Reinforcement learning (RL) is increasingly being used in the healthcare domain, particularly for the development of personalized health adaptive interventions. Inspired by the success of Large Language Models (LLMs), we are interested in using LLMs to update the RL policy in real time, with the goal of accelerating personalization. We use the text-based user preference to influence the action selection on the fly, in order to immediately incorporate the user preference. We use the term "user preference" as a broad term to refer to a user personal preference, constraint, health status, or a statement expressing like or dislike, etc.

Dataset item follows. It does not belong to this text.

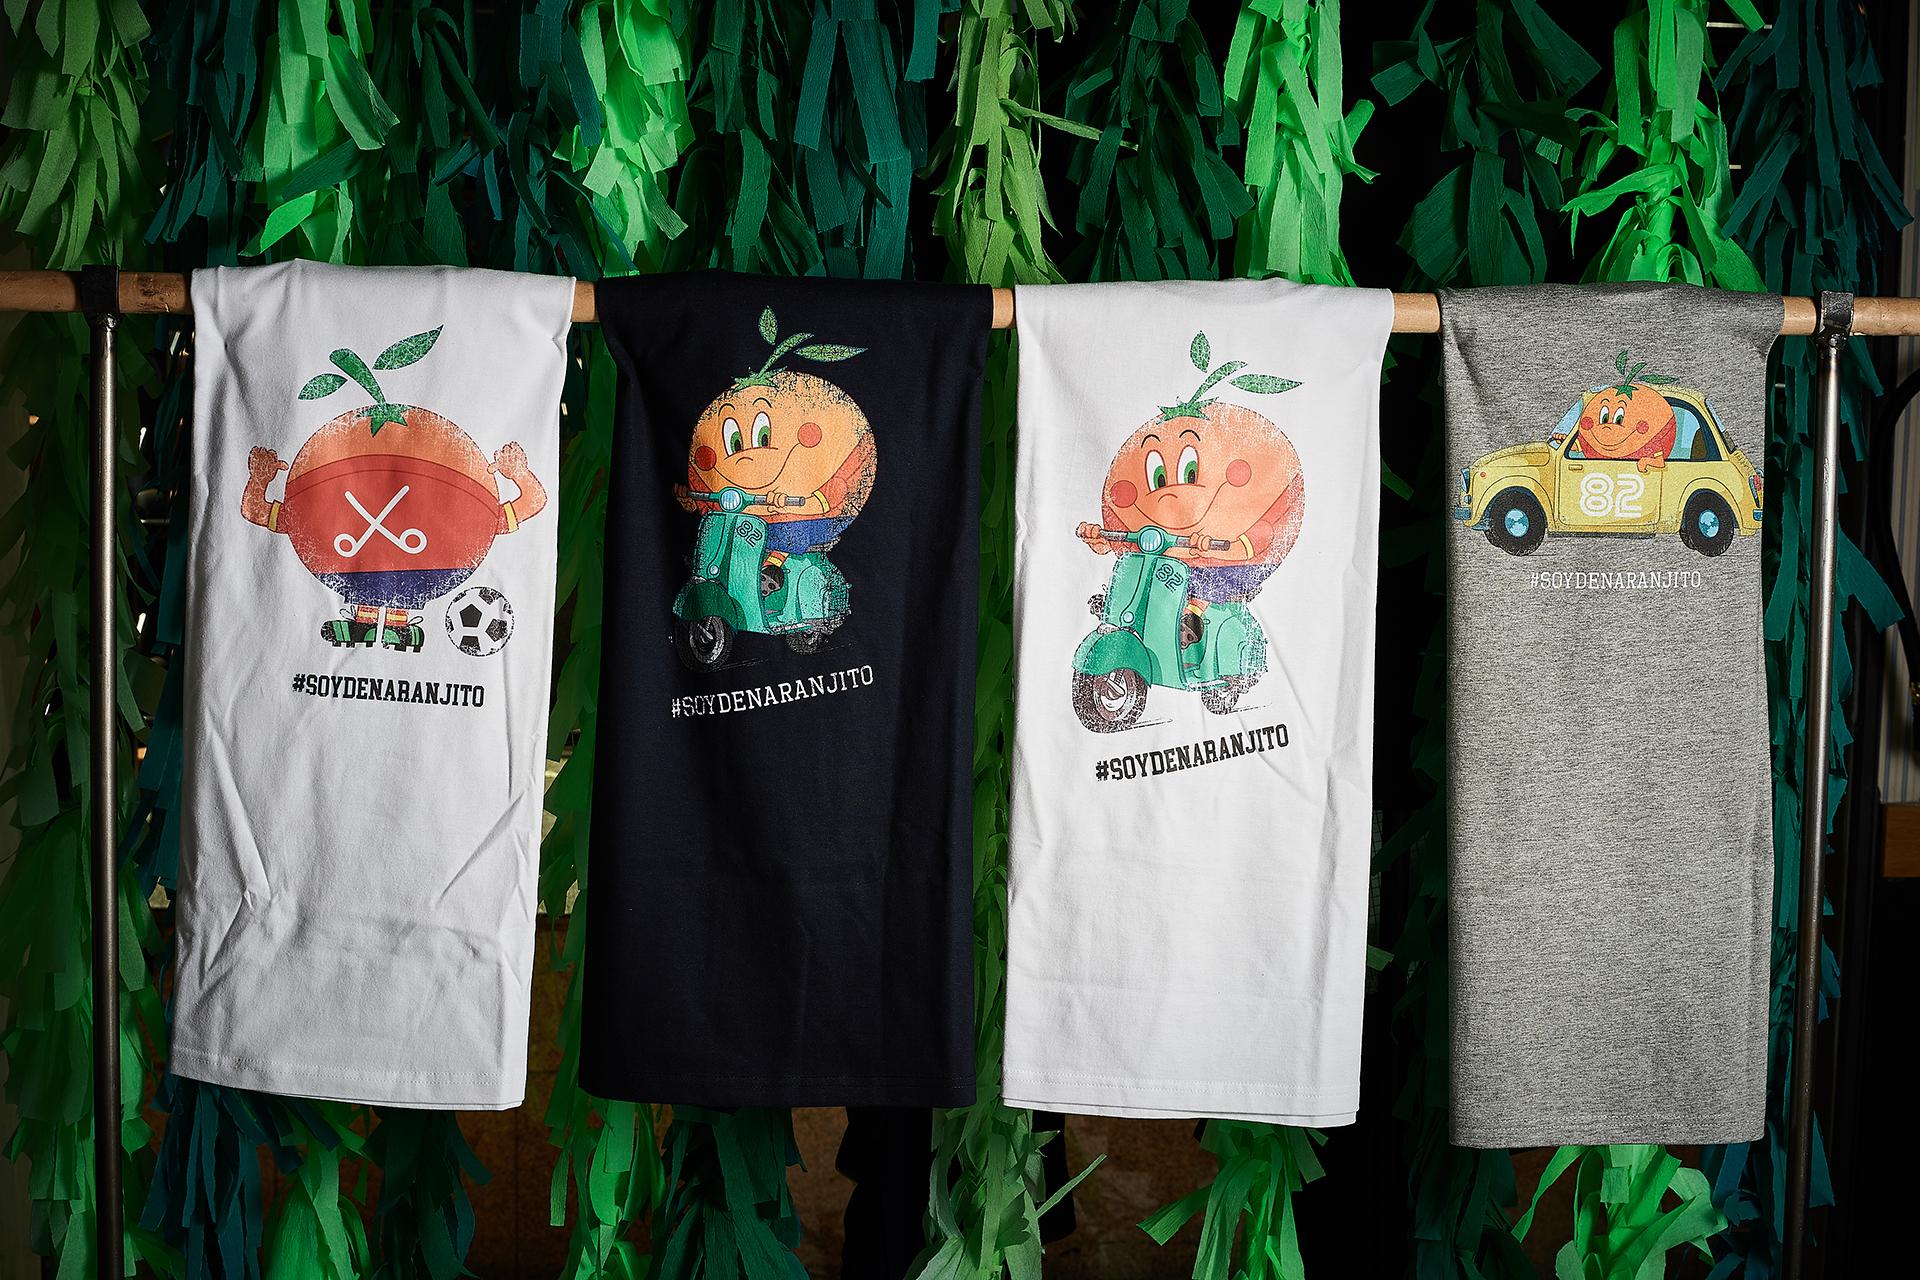 mundial 1982 naranjito

Our novel approach is a hybrid method that combines the LLM response and the RL action selection to improve the RL policy. Given an LLM prompt that incorporates the user preference, the LLM acts as a filter in the typical RL action selection. We investigate different prompting strategies and action selection strategies. To evaluate our approach, we implement a simulation environment that generates the text-based user preferences and models the constraints that impact behavioral dynamics. We show that our approach is able to take into account the text-based user preferences, while improving the RL policy, thus improving personalization in adaptive intervention.
Paper Structure (14 sections, 4 equations, 5 figures, 3 tables)

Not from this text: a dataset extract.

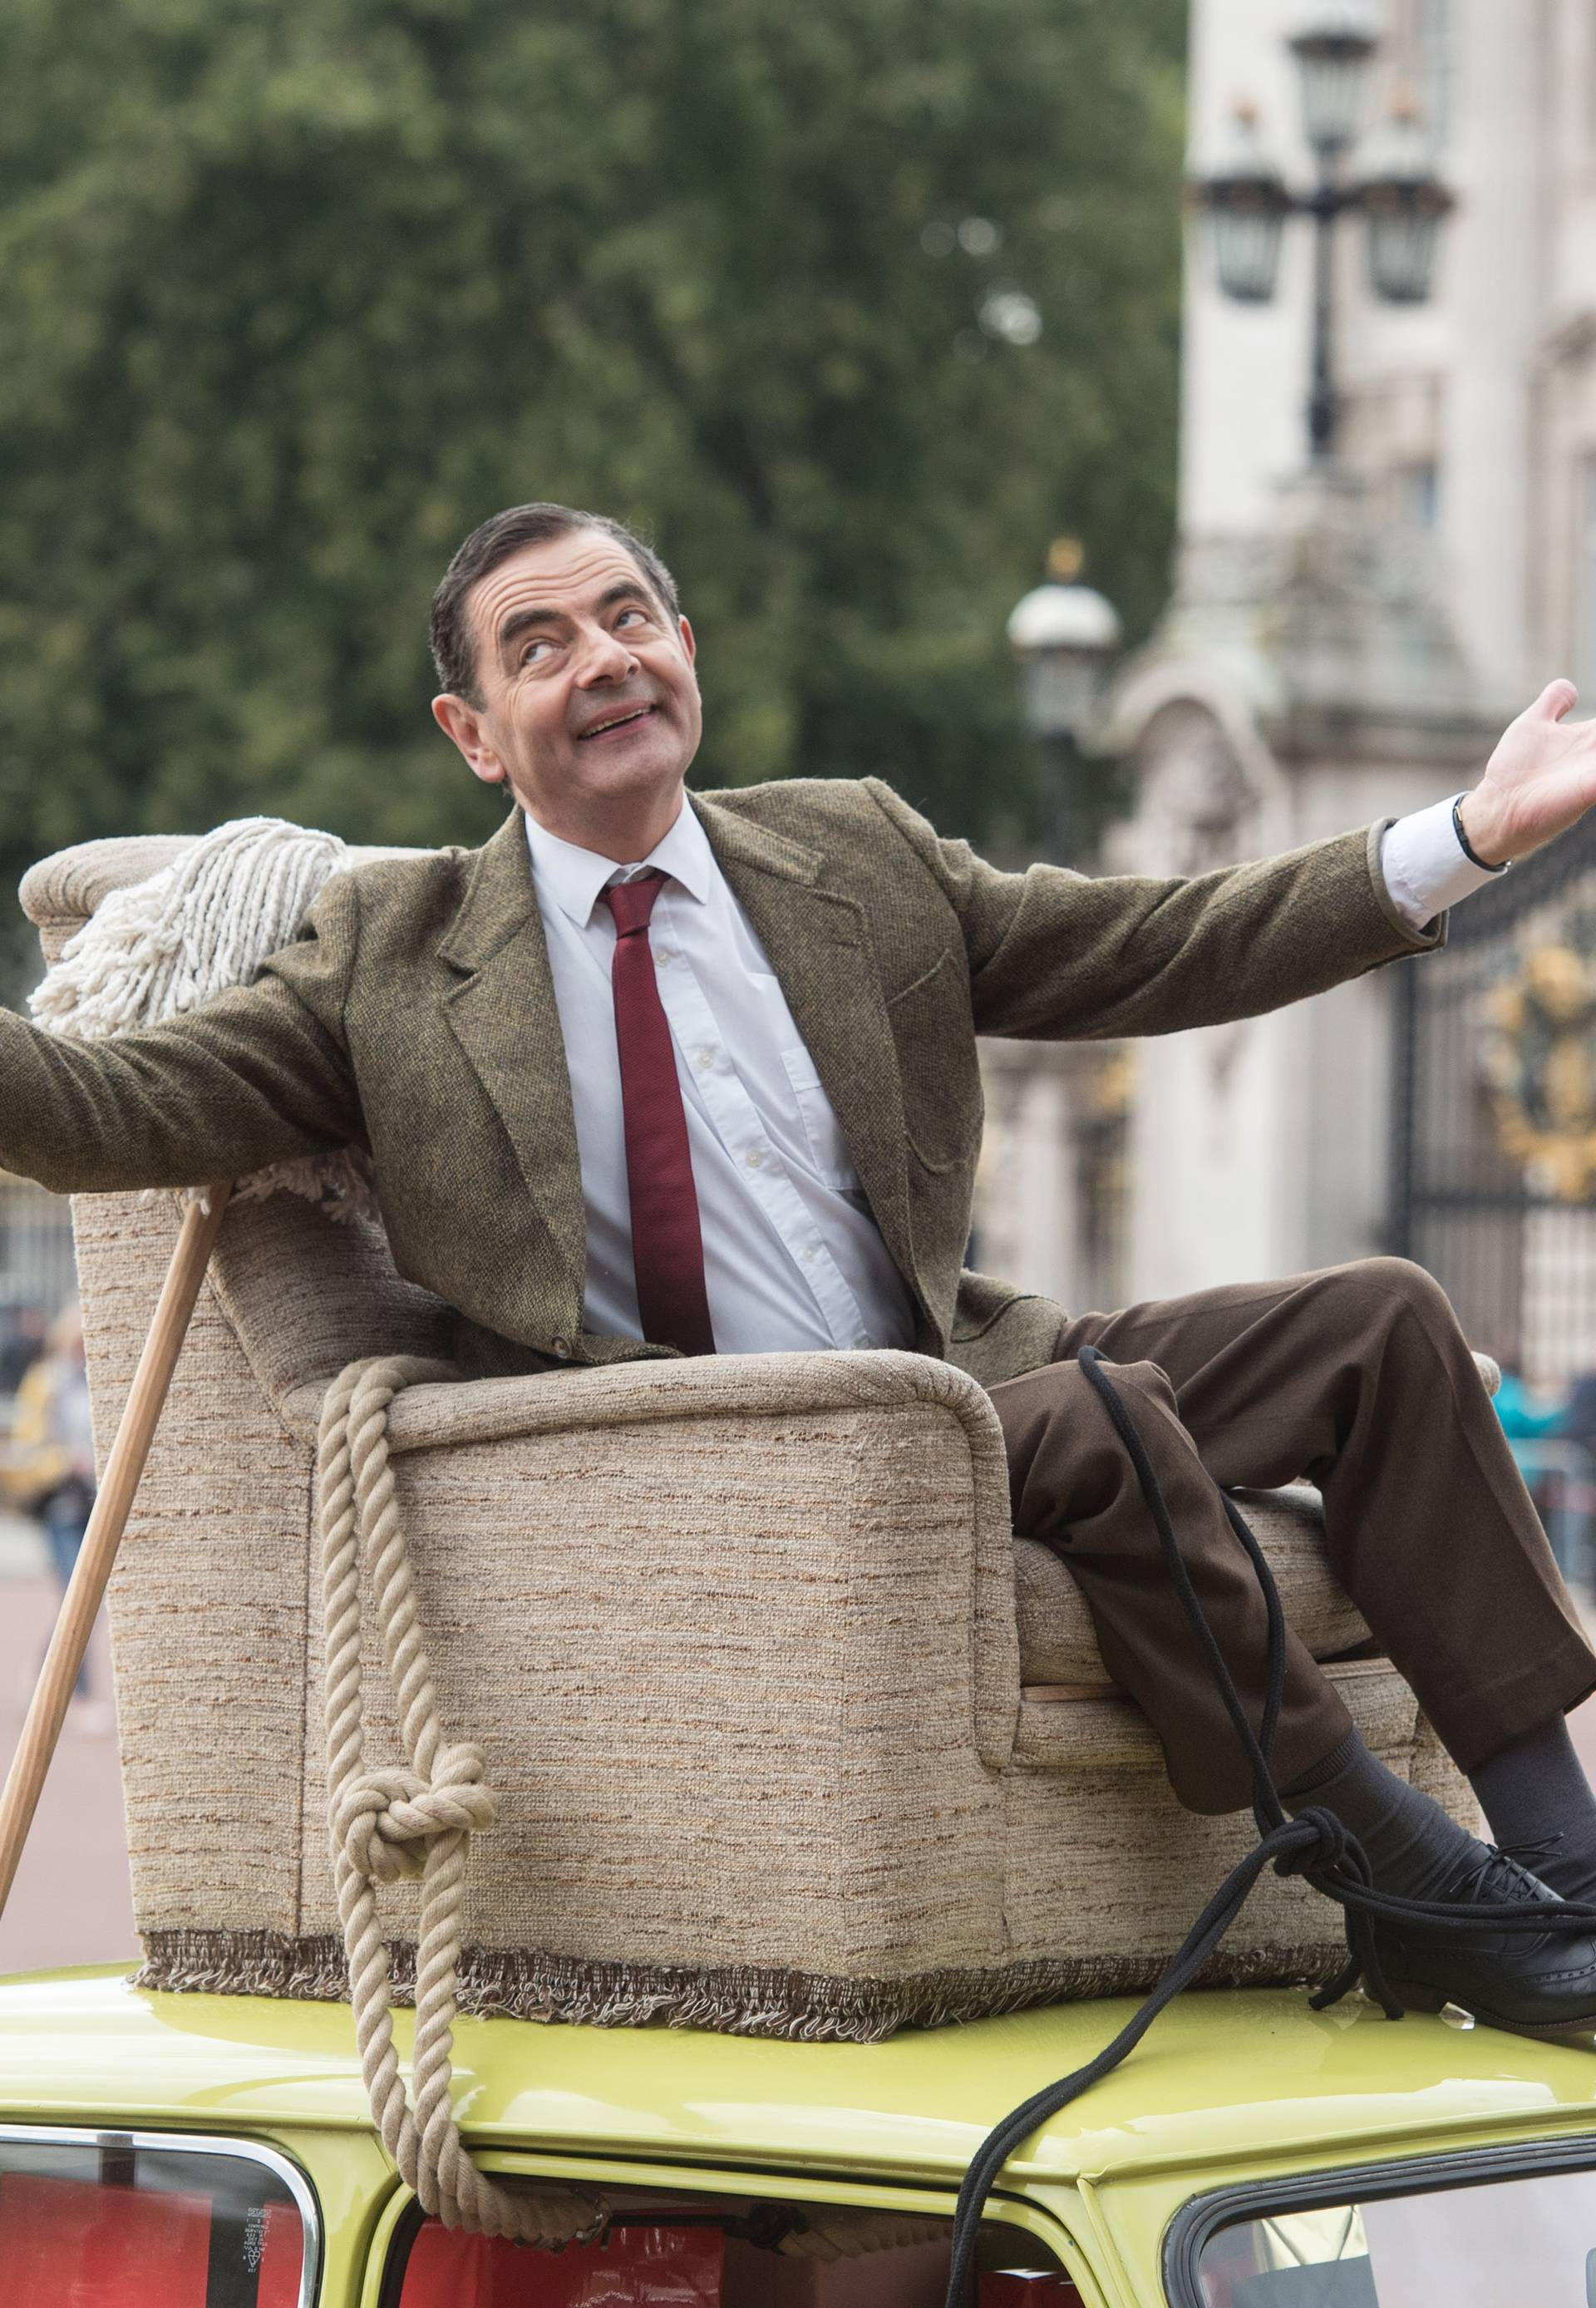 Mr Bean at Buckingham Palace

This paper contains 14 sections, 4 equations, 5 figures, 3 tables.

Figures (5)

  • Figure 1: Overview of LLM+TS method. LLM+TS is a hybrid method that combines LLM decision and RL action selection to improve the RL policy. The LLM prompt includes information such as a description of the behavioral dynamics, current user state and some past data, user preference (constraint) and a question asking the LLM to decide: "not send" or "send" a message (i.e., $\tilde{a}=0$ or $\tilde{a}=a$). The LLM acts as a filter in the typical RL action selection.
  • Figure 2: Markov chain sketch.
  • Figure 3: LLM+TS vs. standard TS example scenarios showing that LLM+TS outperforms standard TS on most settings.

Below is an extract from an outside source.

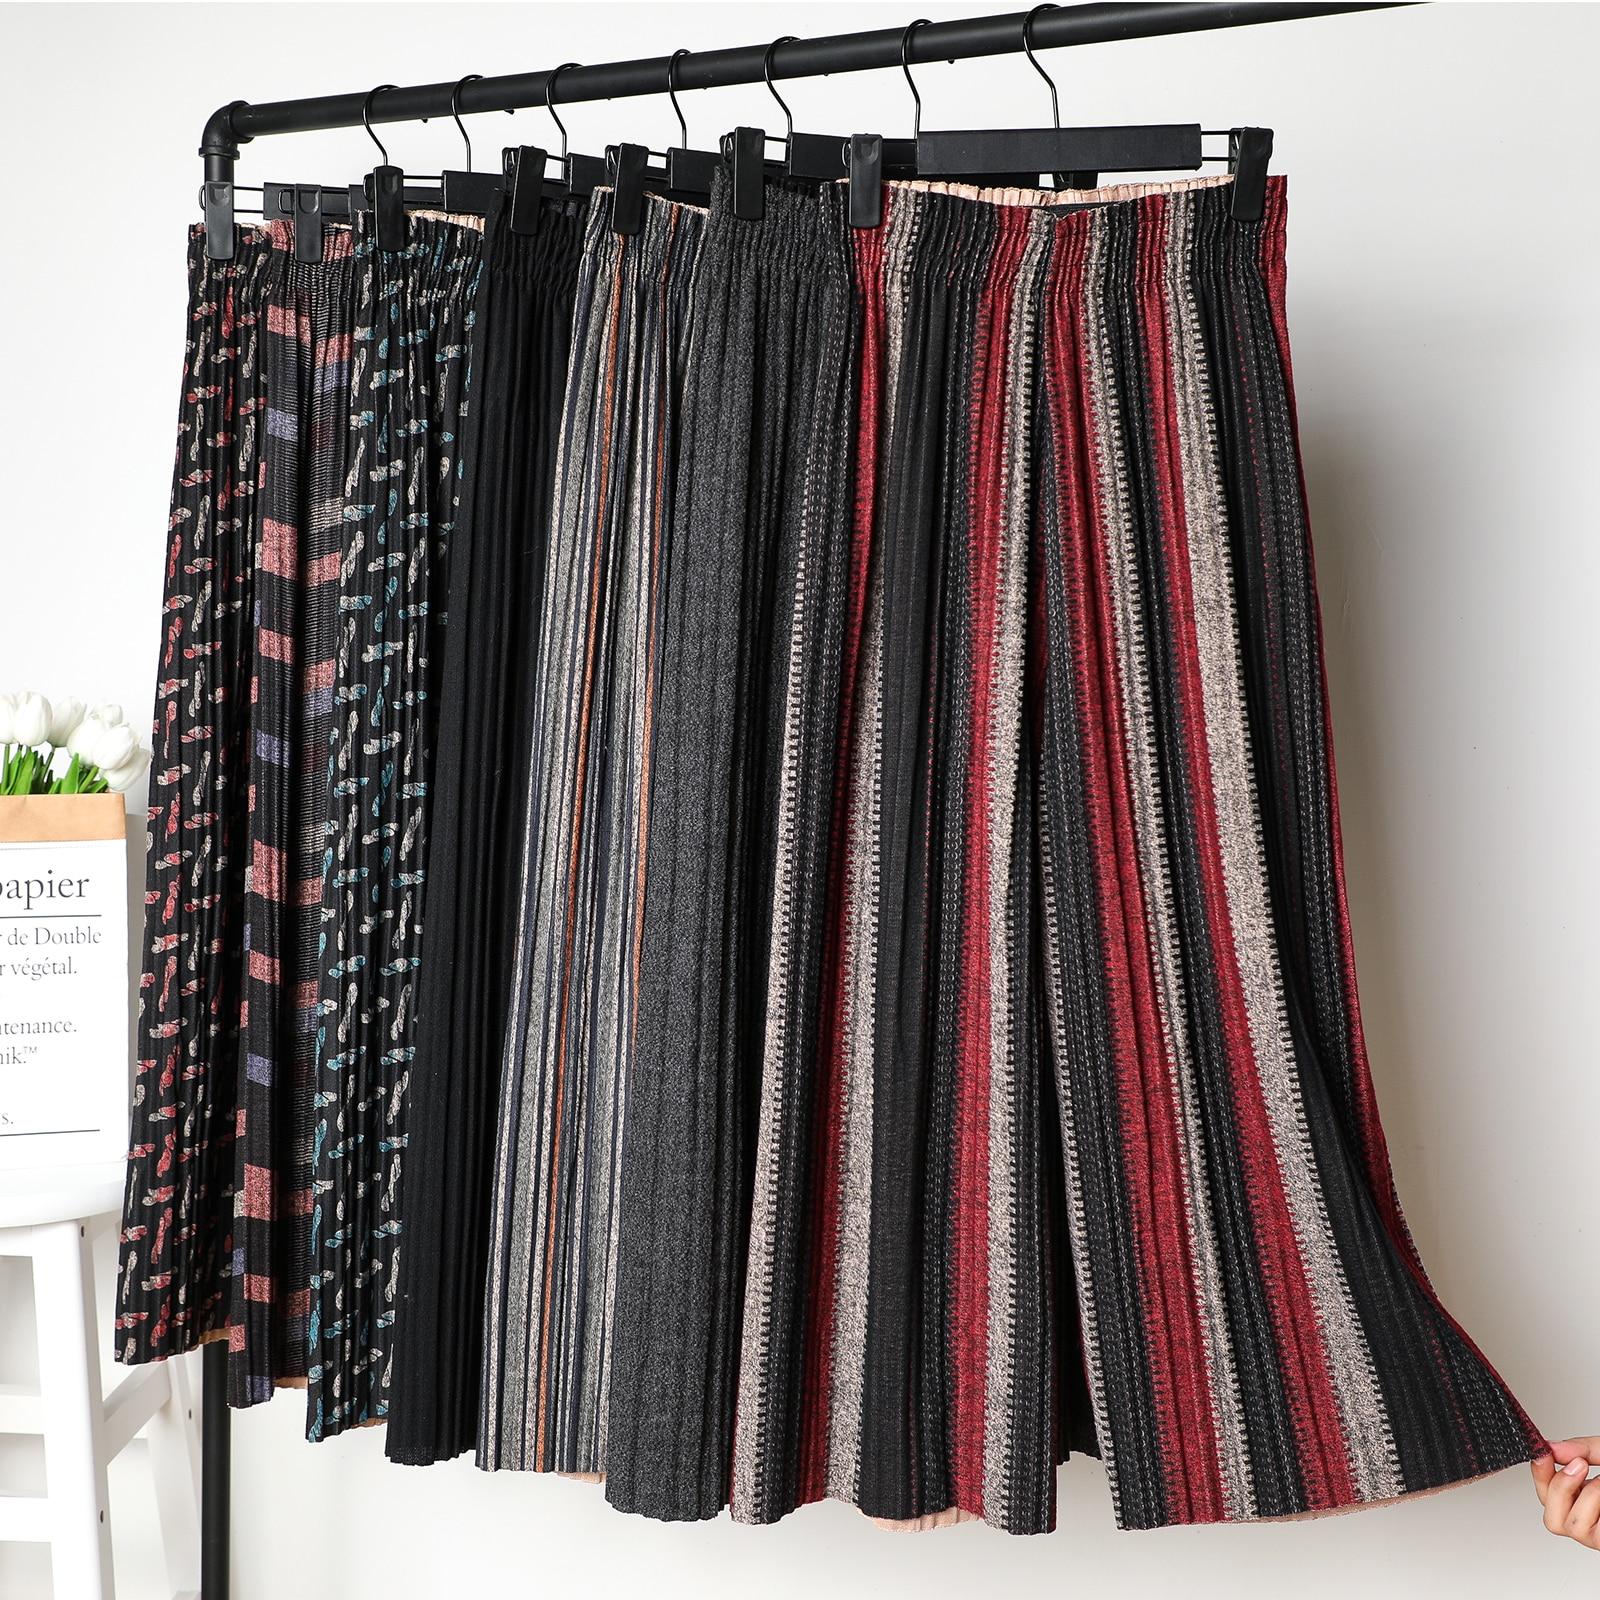 2019 New Autumn Winter Woolen Wide Leg Pants For Women Harem pant Elastic Waist Pleated Trousers

  • Figure 4: LLM+TS vs. standard TS. Example of histogram for all the selected actions, and plot of the cumulative rewards for $(p_{w_{11}}, p_{w_{00}}) = (0.7, 0.1)$. The histograms show that LLM+TS is able to capture a larger number of actions $0$, which indicates that the LLM has correctly decided to not send a message when the user cannot walk. The cumulative reward plots show that LLM+TS outperforms standard TS.
  • Figure 5: LLM+TS vs. standard TS. Example of histogram for all the selected actions, and plot of the cumulative rewards for various $(p_{w_{11}}, p_{w_{00}})$ with fixed $p_{w_{11}}=0.7$ and varying $p_{w_{00}}$, when using LLM+TS (blue) and standard TS (gray). The histograms show that LLM+TS is able to capture a larger number of actions $0$, which indicates that the LLM has correctly decided to not send a message when the user cannot walk. The cumulative reward plots show that LLM+TS outperforms standard TS.